(Data records begins)

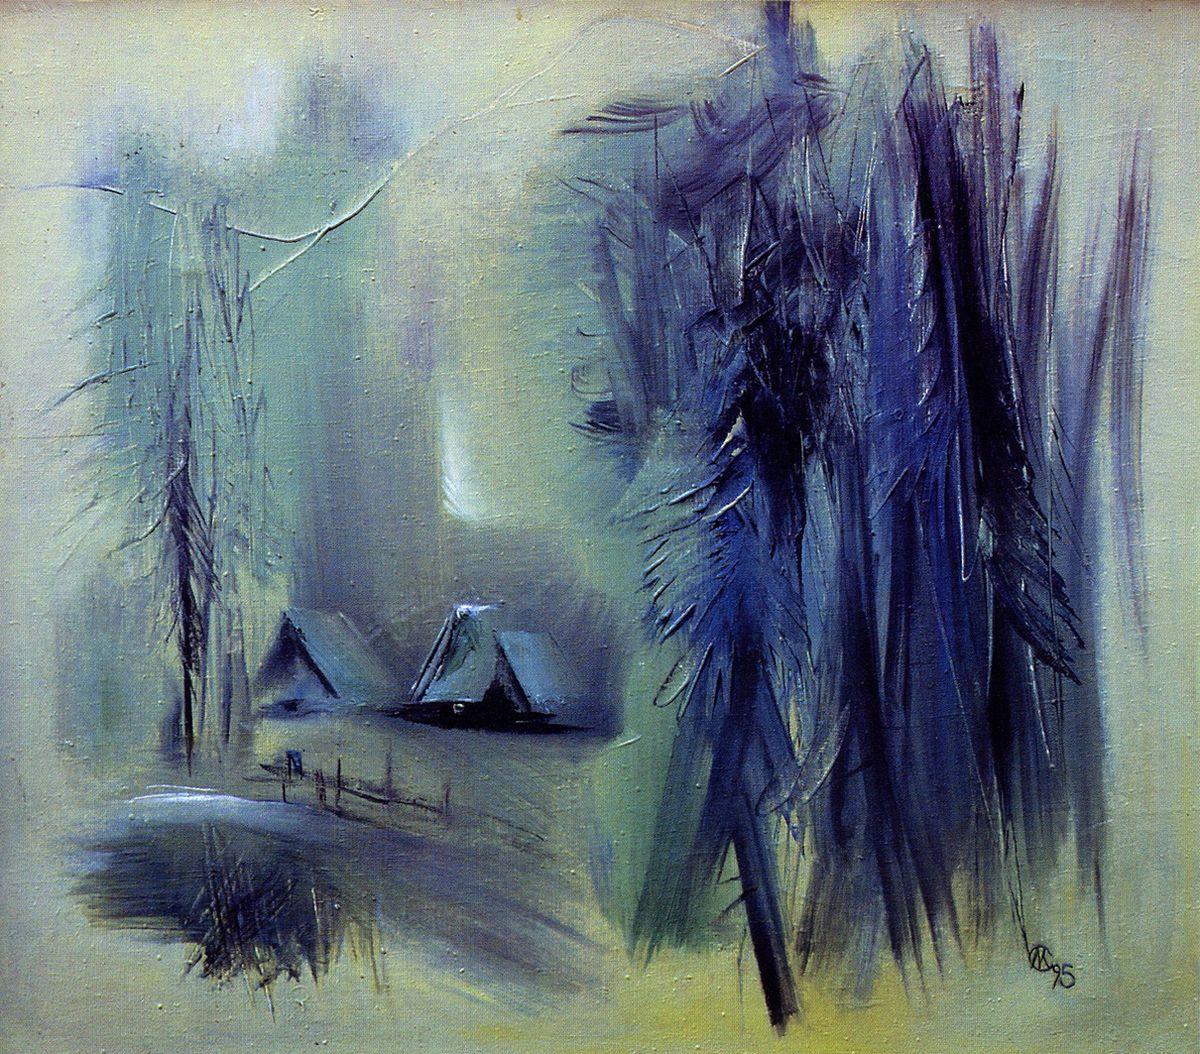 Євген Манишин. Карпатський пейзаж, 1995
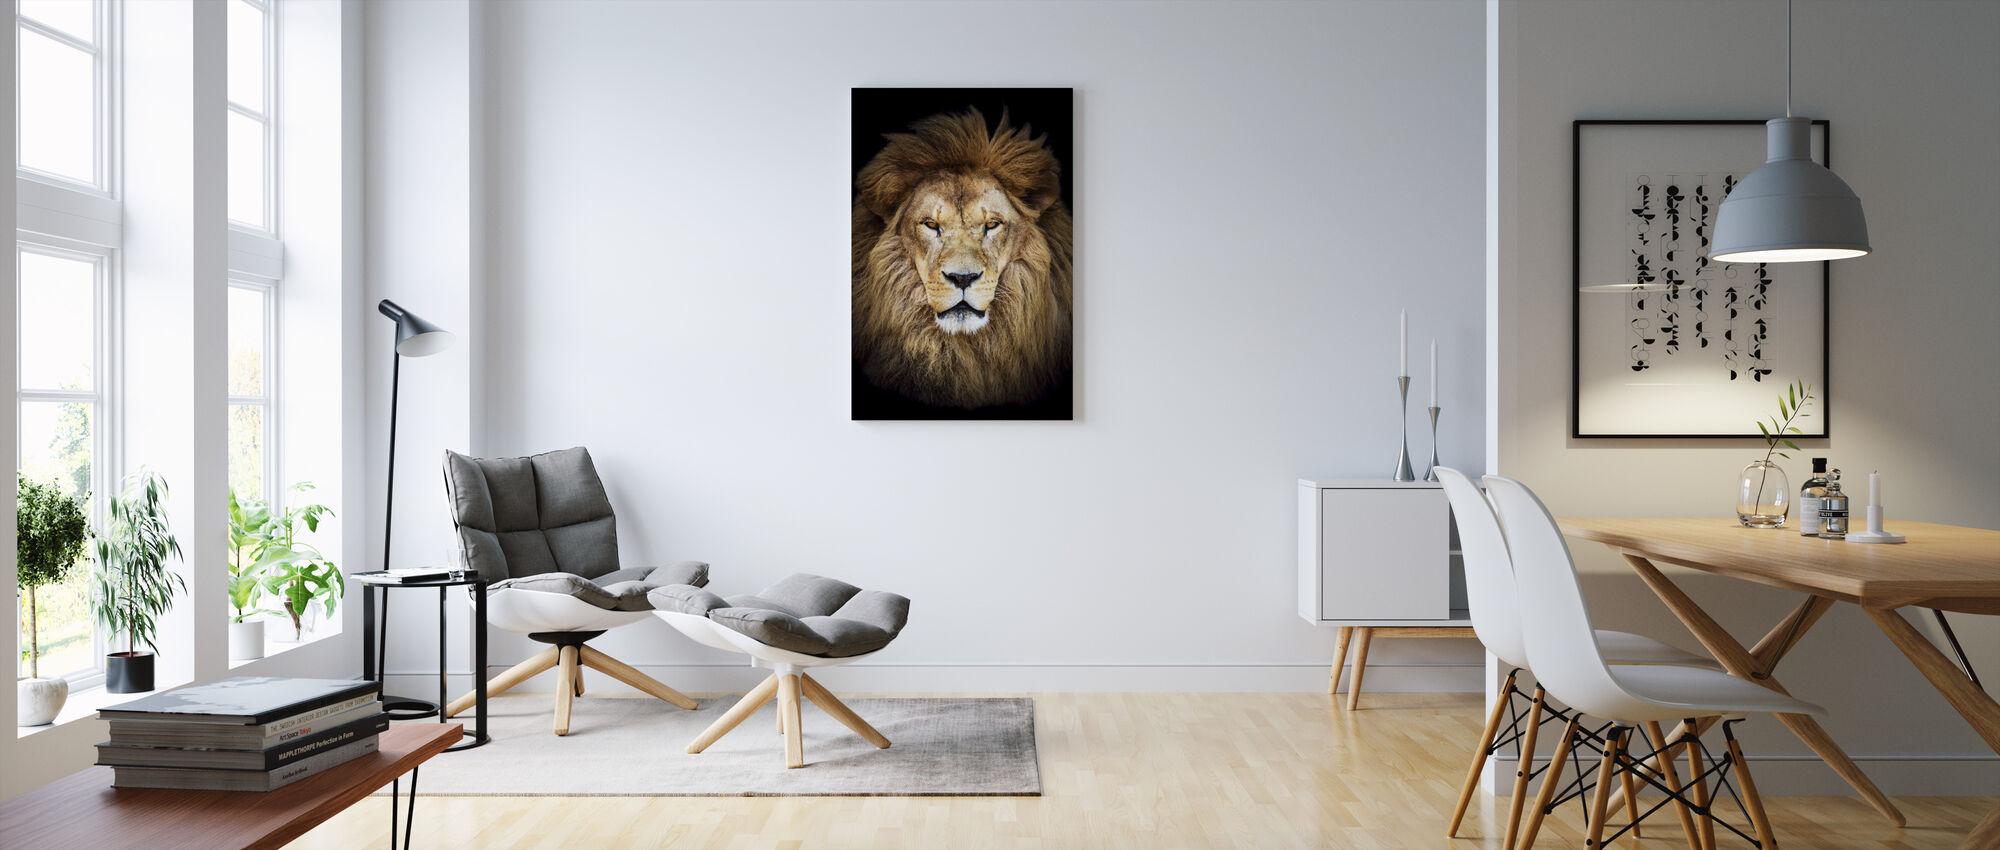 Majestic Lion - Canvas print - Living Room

(Data records ends)
(Data records begins)

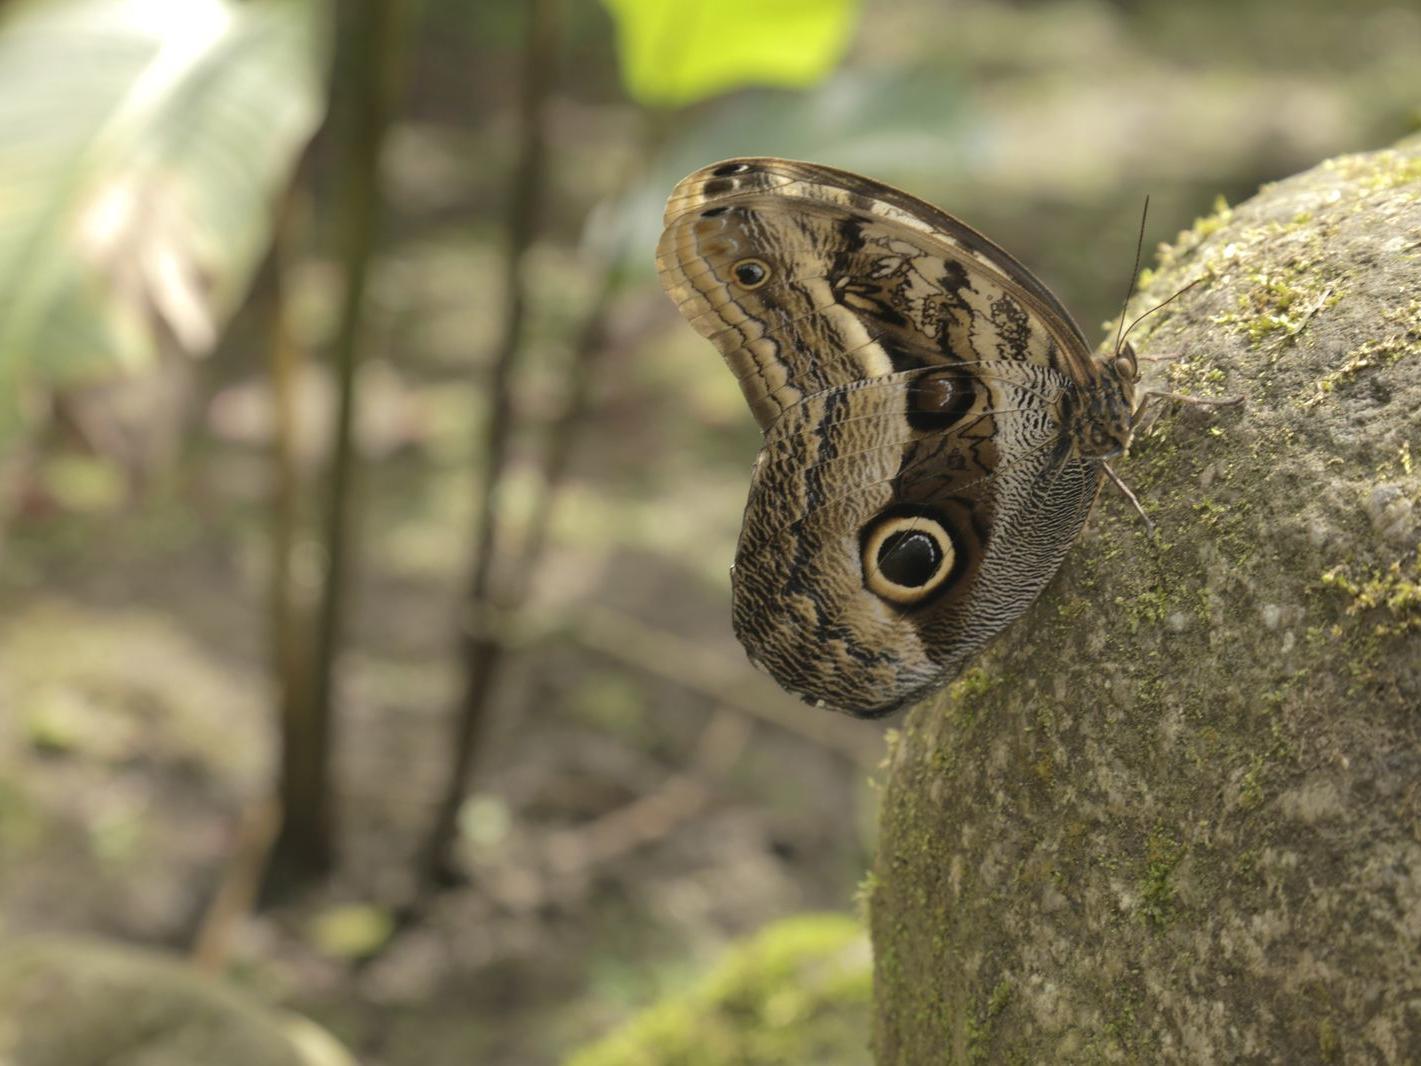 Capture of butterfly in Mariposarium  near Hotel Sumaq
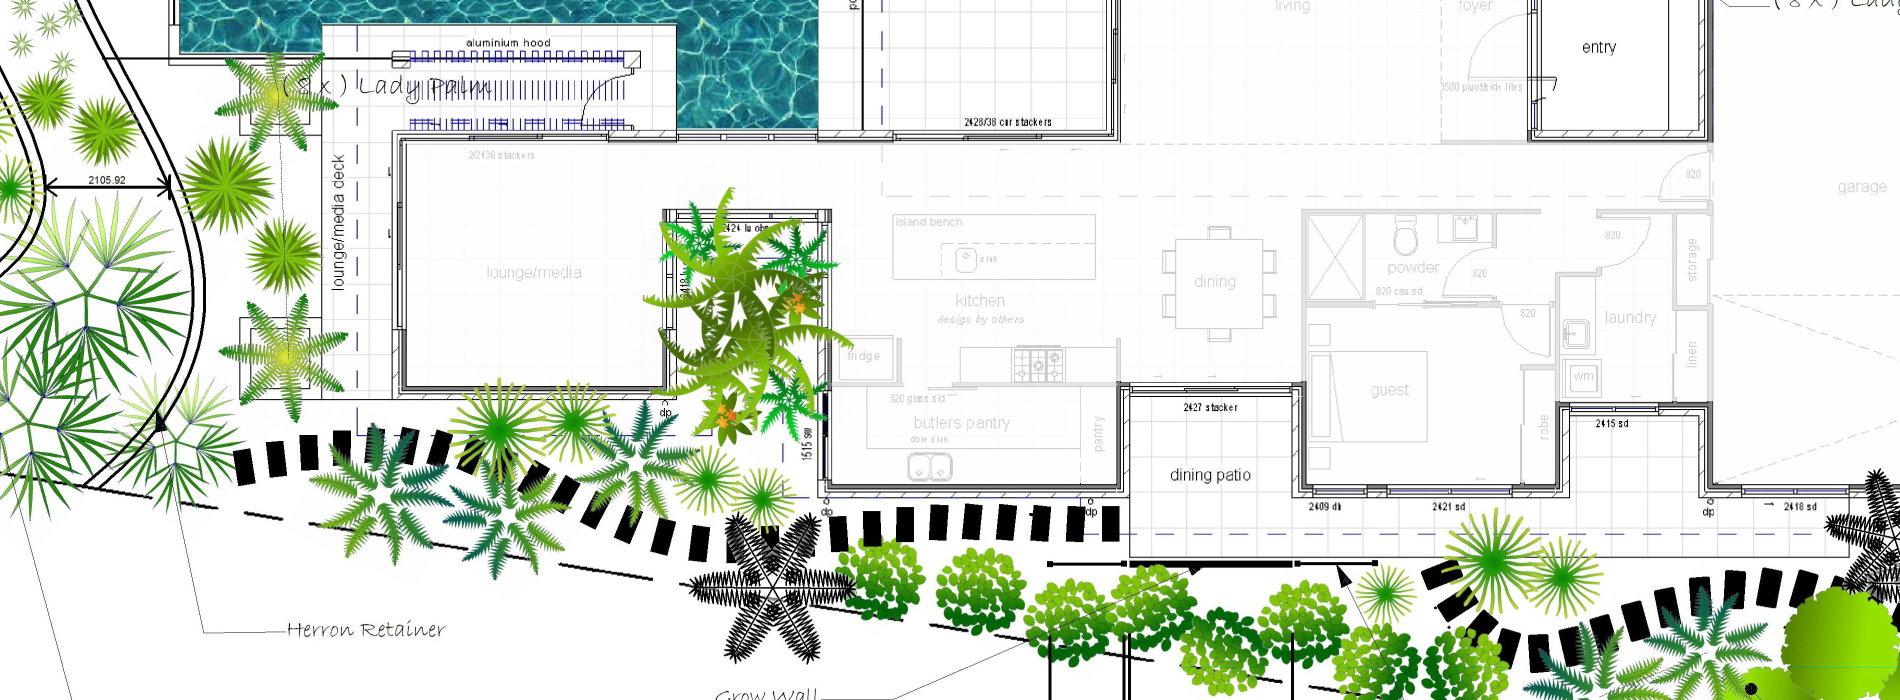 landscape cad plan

(Data records ends)

Work instructions: Above are some records. Output exactly the lines from the one that contains "Євген Манишин. Карпатський пейзаж, 1995" to the one that contains "Majestic Lion - Canvas print - Living Room", keeping both, and omit the pictures.

Task result:
 Євген Манишин. Карпатський пейзаж, 1995
 Majestic Lion - Canvas print - Living Room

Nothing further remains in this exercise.